EXERCISE INPUT –

------------------------------------------------

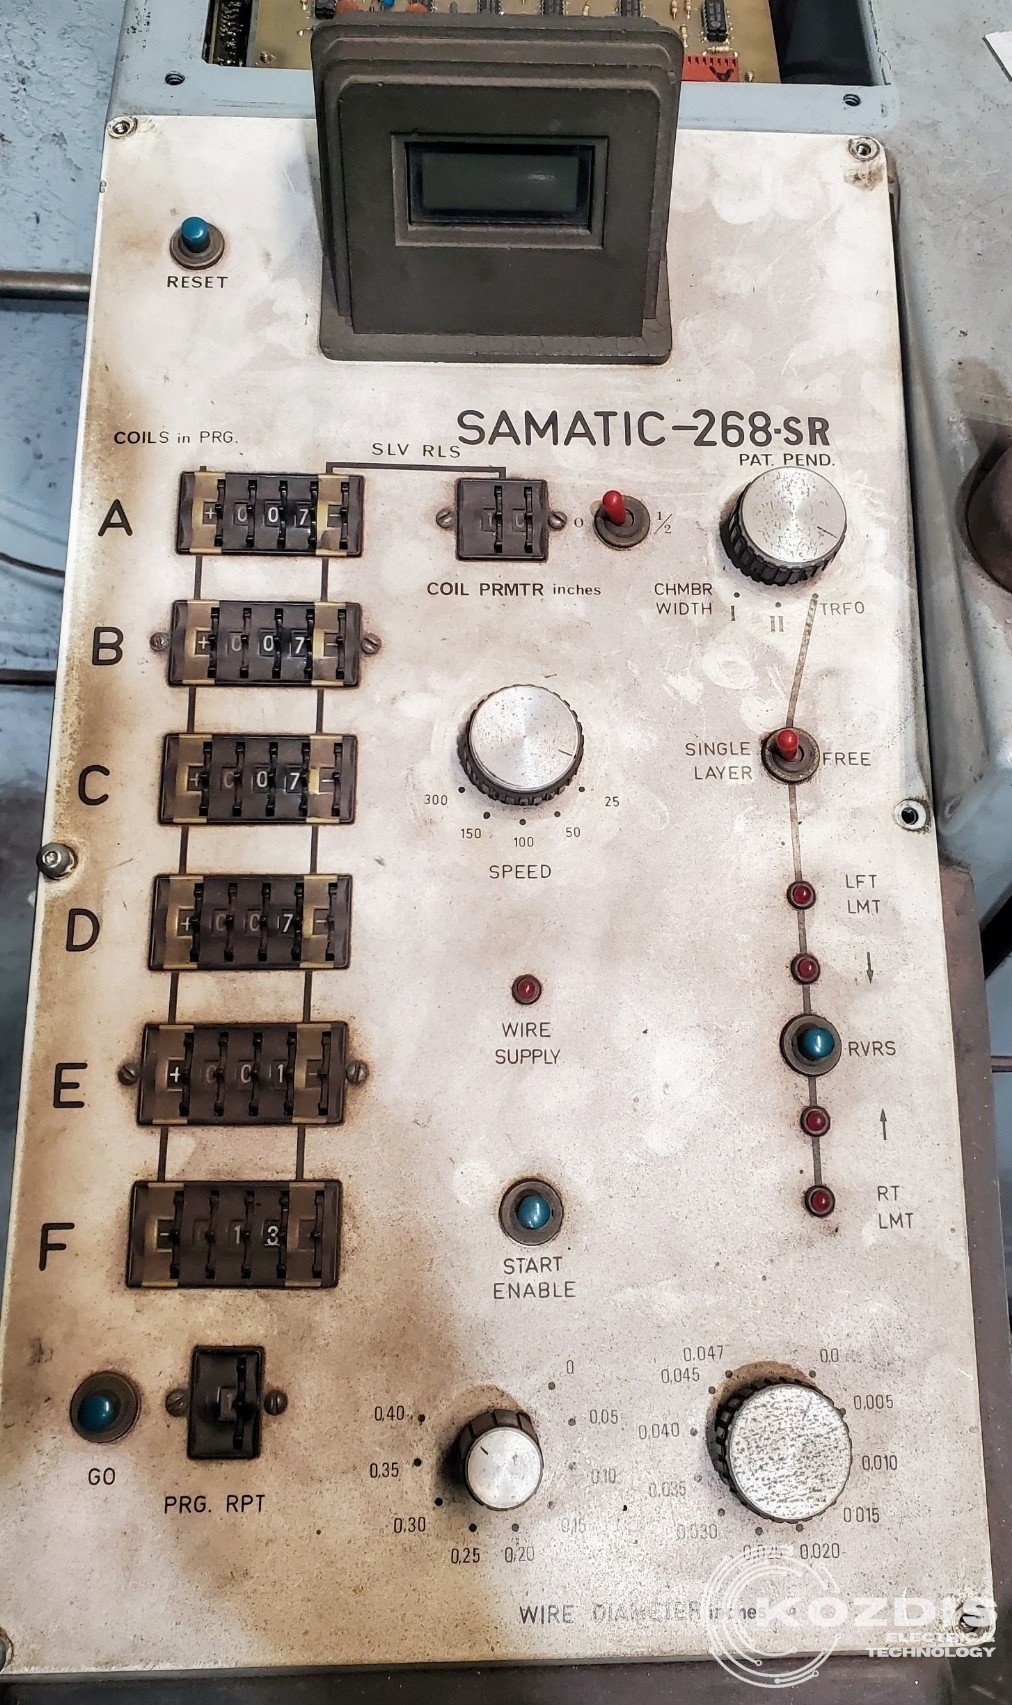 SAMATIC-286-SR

------------------------------------------------

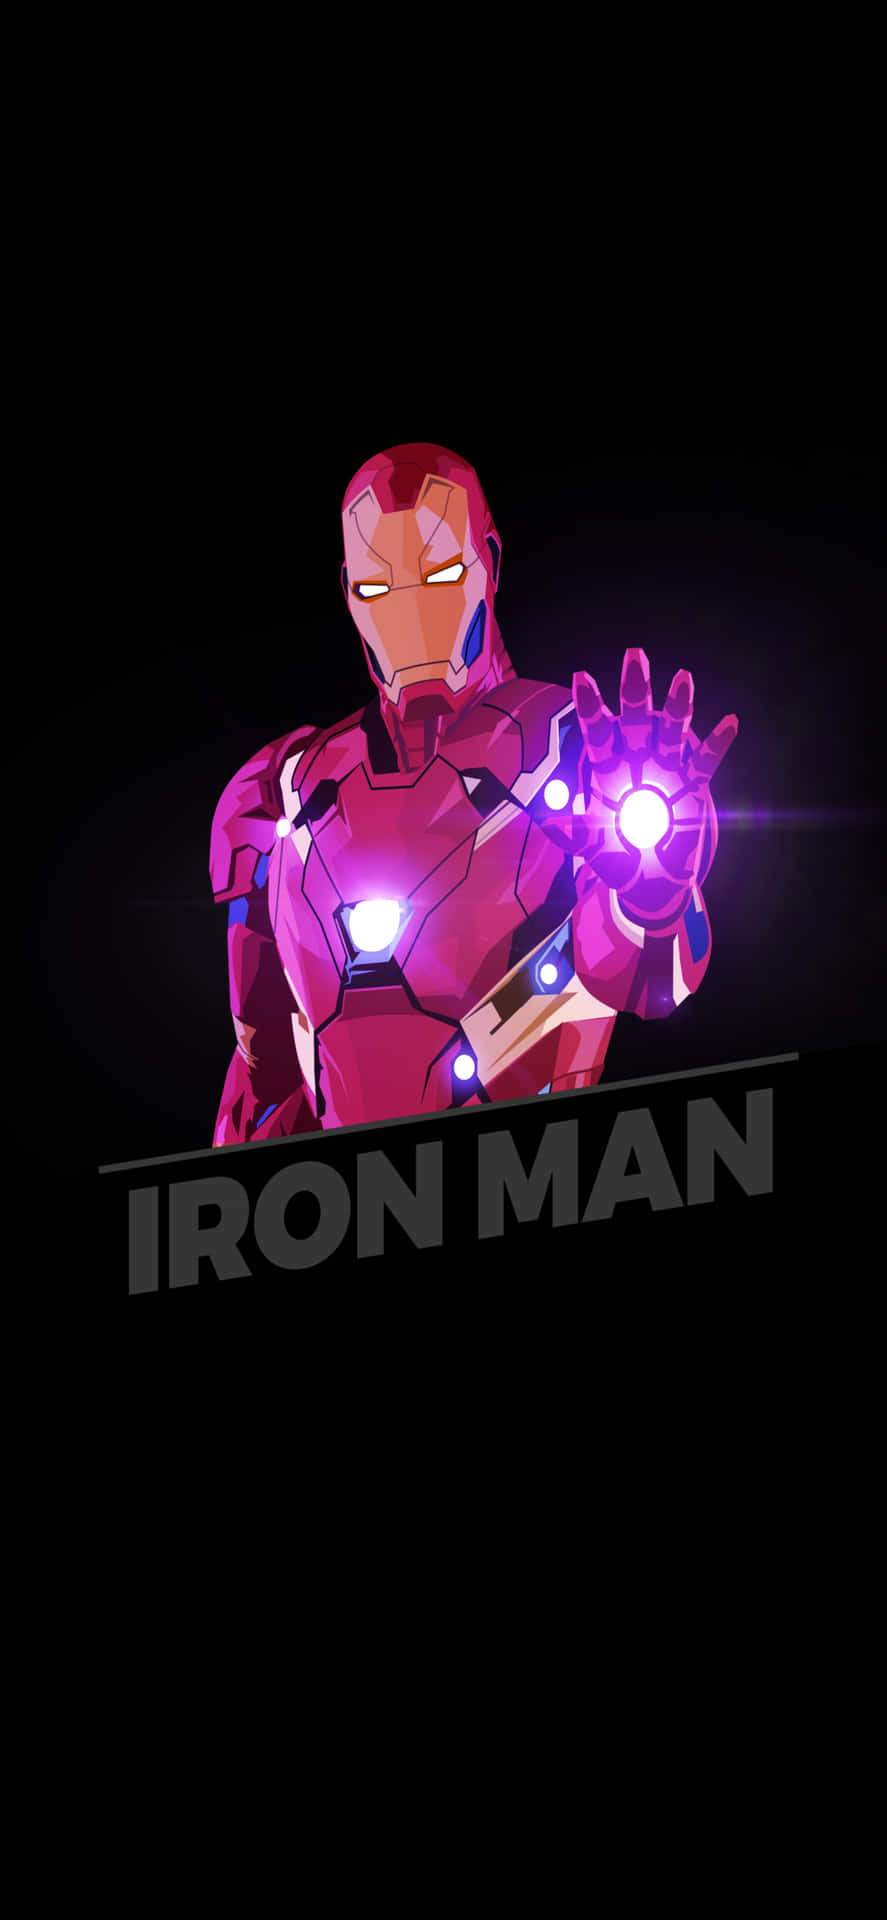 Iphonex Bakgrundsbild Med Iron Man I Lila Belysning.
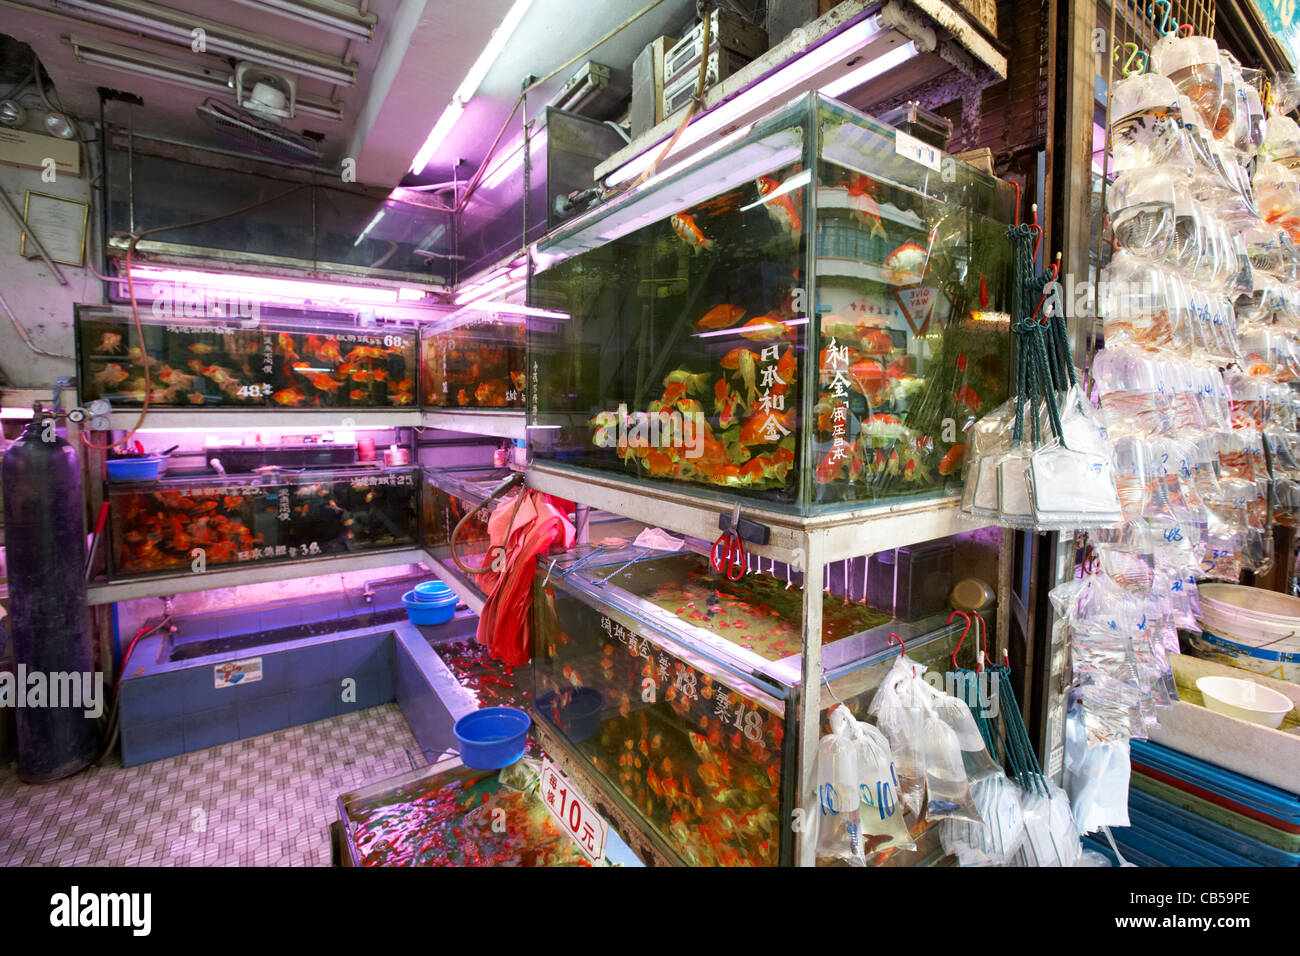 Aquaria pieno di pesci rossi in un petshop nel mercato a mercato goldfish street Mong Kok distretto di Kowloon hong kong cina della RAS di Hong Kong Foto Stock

------------------------------------------------

ASSIGNMENT – Go to the line above that has "Iphonex Bakgrundsbild Med" and copy exactly from there down to the line that has "Aquaria pieno di", both included. Leave the pictures out.

SOLUTION –
 Iphonex Bakgrundsbild Med Iron Man I Lila Belysning.
 Aquaria pieno di pesci rossi in un petshop nel mercato a mercato goldfish street Mong Kok distretto di Kowloon hong kong cina della RAS di Hong Kong Foto Stock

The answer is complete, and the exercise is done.